После включения конфокального микроскопа, оснащенного 40-кратным и 63-кратным масляными иммерсионными объективами, поместите предметное стекло на предметный столик микроскопа. Чтобы получить изображение мышечных предшественников диска крыла и непрямых летательных мышц или IFM, установите DAPI с возбуждением 405 и излучением 450 нанометров. Тогда выберите Alexa Fluor 488 с возбуждением 496 и излучением 519 нм, а для зондов smFISH — Quasar 670 с возбуждением 647 и излучением 670 нм.
Найдите образец с помощью сигнала DAPI и УФ-лампы. Сохраните отснятые изображения в формате TIFF. Чтобы получить изображение взрослых мышечных стволовых клеток, установите длины волн возбуждения и излучения для DAPI и Alexa Fluor 488, как было показано ранее.
Затем установите длины волн для Alexa Fluor 555 и Quasar 670 для зондов smFISH. Найдите образец и сохраните отснятые изображения в формате TIFF. Запустите изображение J и перейдите в меню плагинов.
Выберите «Макросы», а затем «Изменить», чтобы открыть исходный код макросов.
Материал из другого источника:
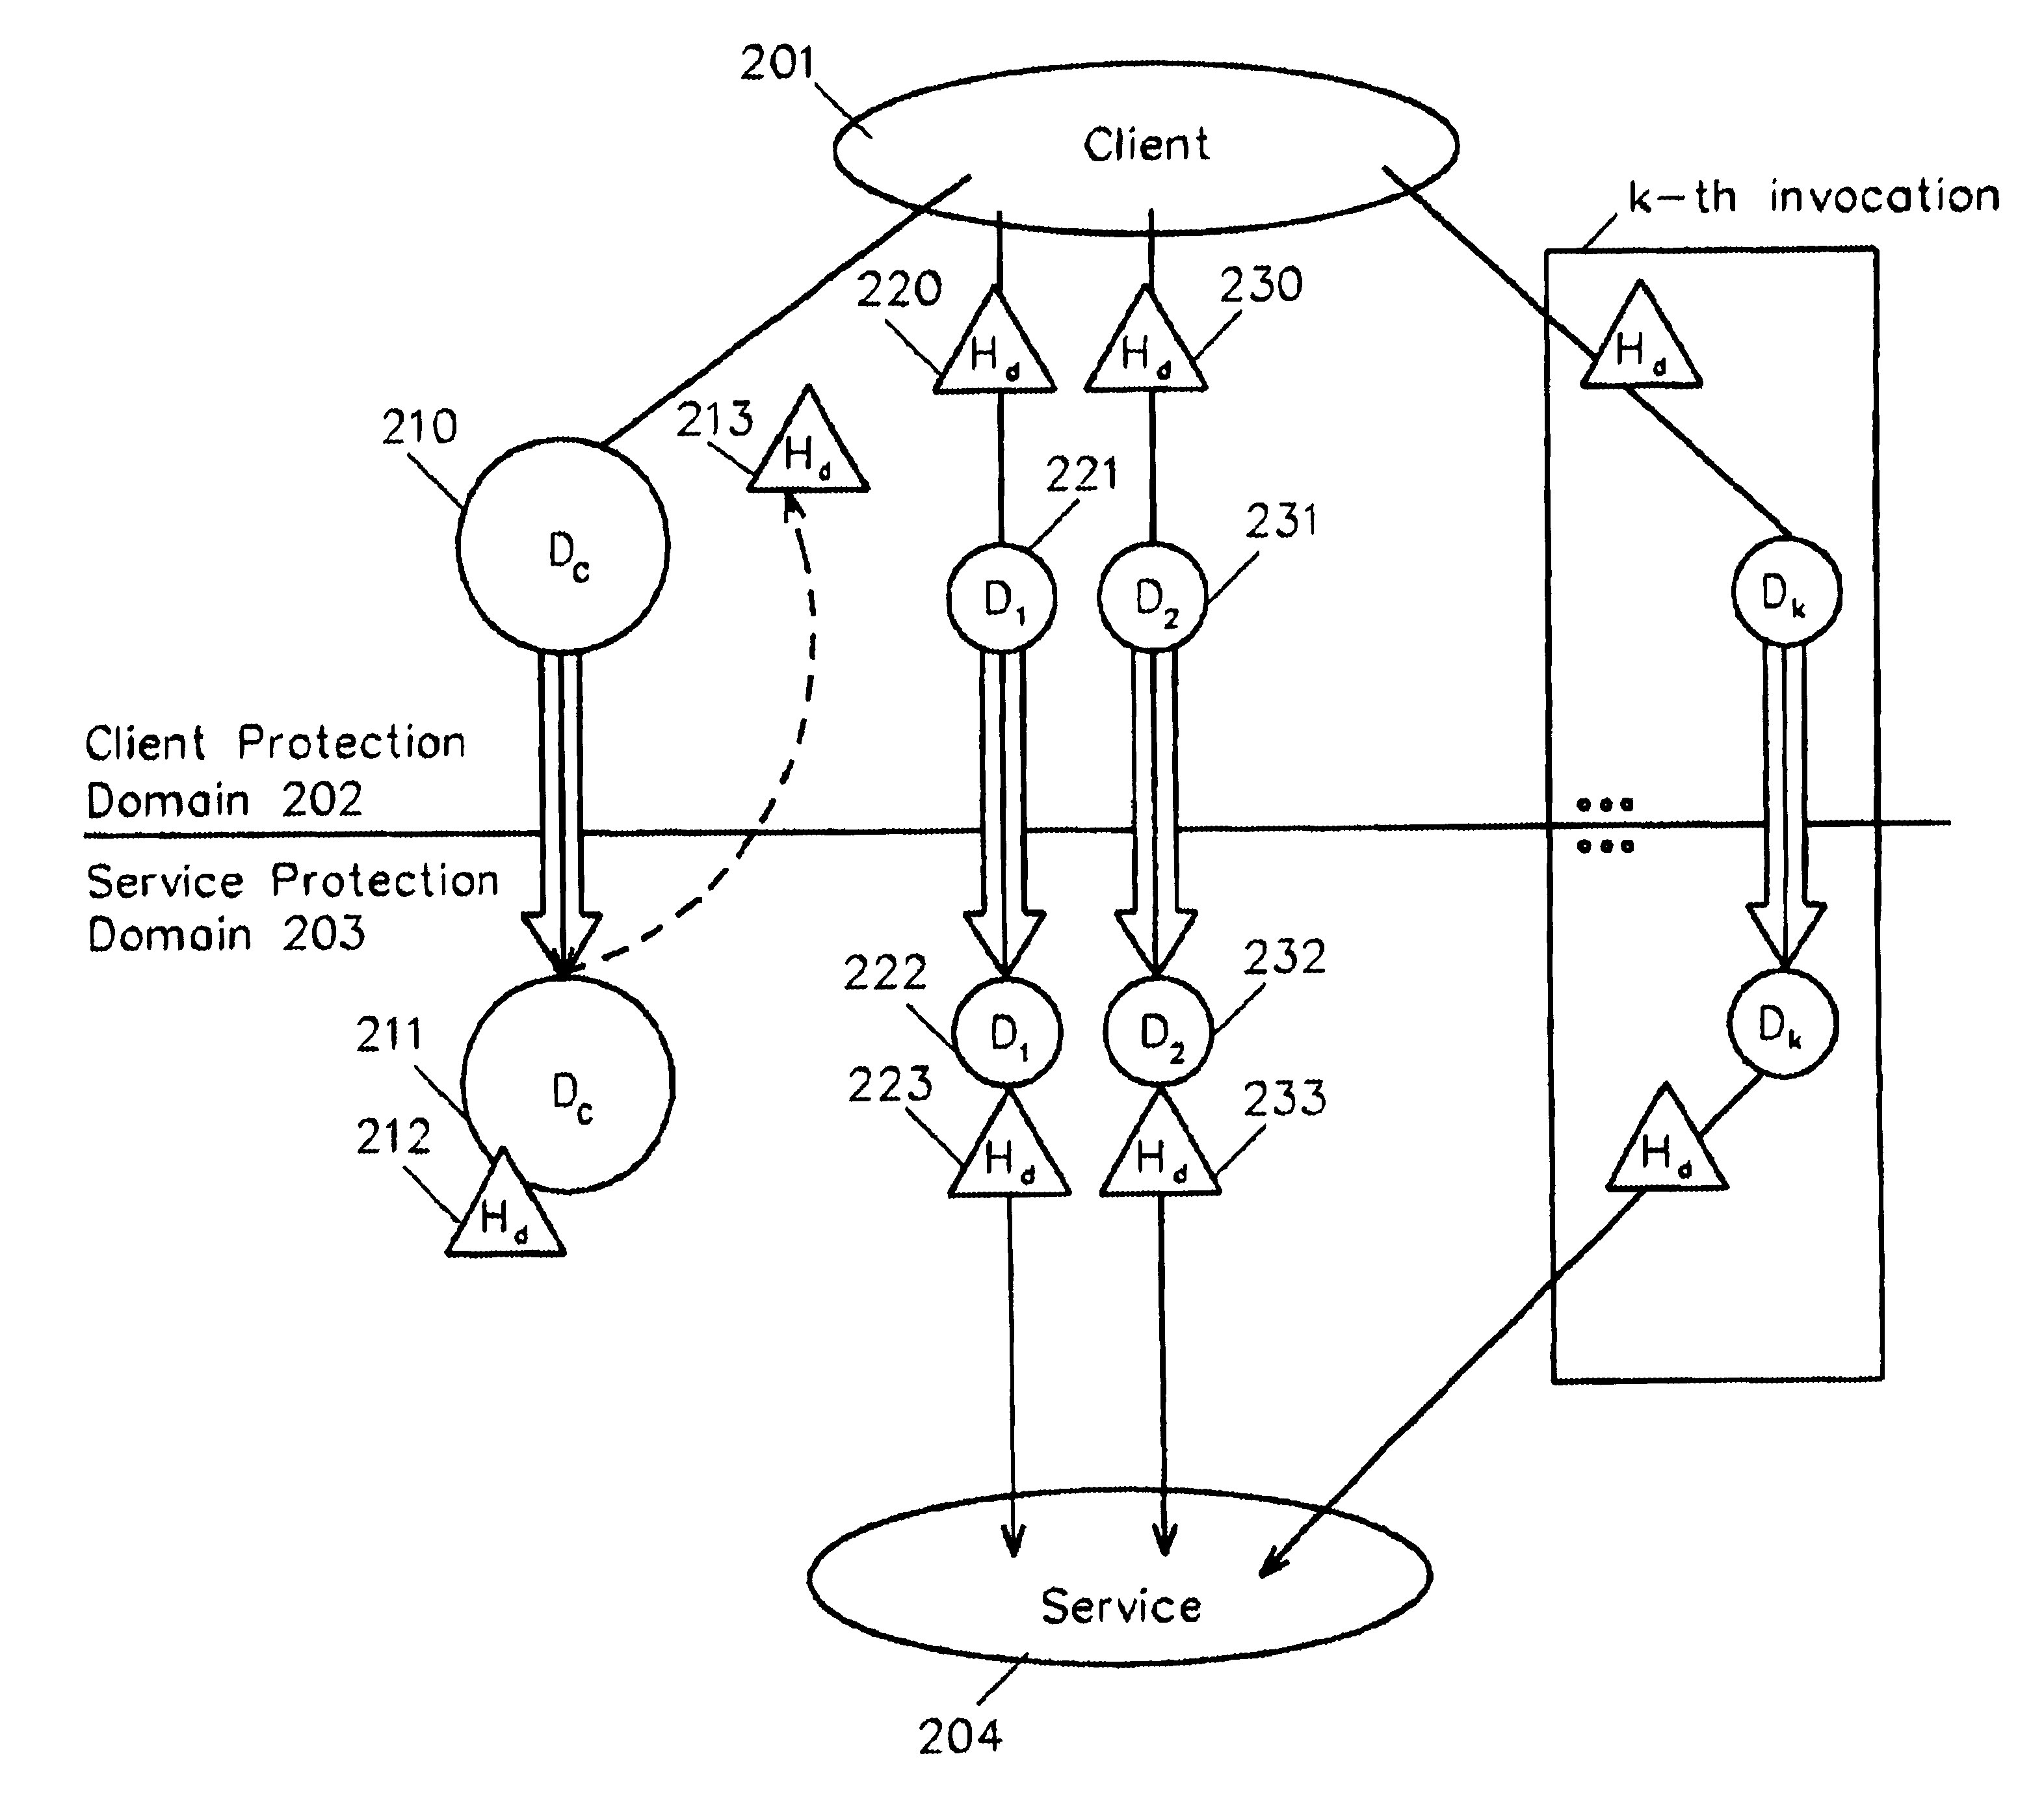 Method and system for cross-domain service invocation using a single data handle associated with the stored common data and invocation-specific data

Чтобы количественно оценить пятна Mef2 smFISH у личинок, установите радиус логарифма равным 3, а качество логарифма равным 20. Затем сегментируйте Mef2 положительными ядрами с размытием два, параметром шкалы ядра 30, порогом ядра минус восемь и размером ядра 300.
Запустите макрос, выполнив команду run. Макрос автоматически загрузит все изображения из указанной папки и последовательно определит их количество. Для мышечных волокон установите логарифмический радиус равным 2,5, логарифмическое качество равным 60, размытие равным двум, параметр масштаба ядра равным 100, порог ядра равным нулю, а размер ядра равным 300.
Запустите макрос, выполнив команду run. Макрос автоматически загрузит все изображения из указанной папки и последовательно определит их количество. После анализа проверьте результаты, отображаемые в файле FISH results и файле nuclei results.
Транскрипты Mef2 и Zfh1 были равномерно обнаружены в популяции АМФ и колокализованы с белками Mef2 и Zfh1 соответственно. При более высоком увеличении АМП различают очаги сайтов транскрипции и зрелые мРНК, рассеянные в цитоплазме. Аналогичным образом, сайт транскрипции и распределение мРНК Mef2 и Zfh1 были изучены в дифференцированных взрослых IFM и ассоциированных стволовых клетках.
Макро изображения J собственного производства эффективно обнаруживает и сегментирует точки Mef2 и мышечные ядра. Количественный анализ мРНК Mef2 на ядра у взрослых ИФМ и АМП существенно не отличался. Количественная оценка распределения пятен Mef2 показала, что 92% мРНК Mef2 присутствует в цитоплазме, а 8% связаны с мышечными ядрами.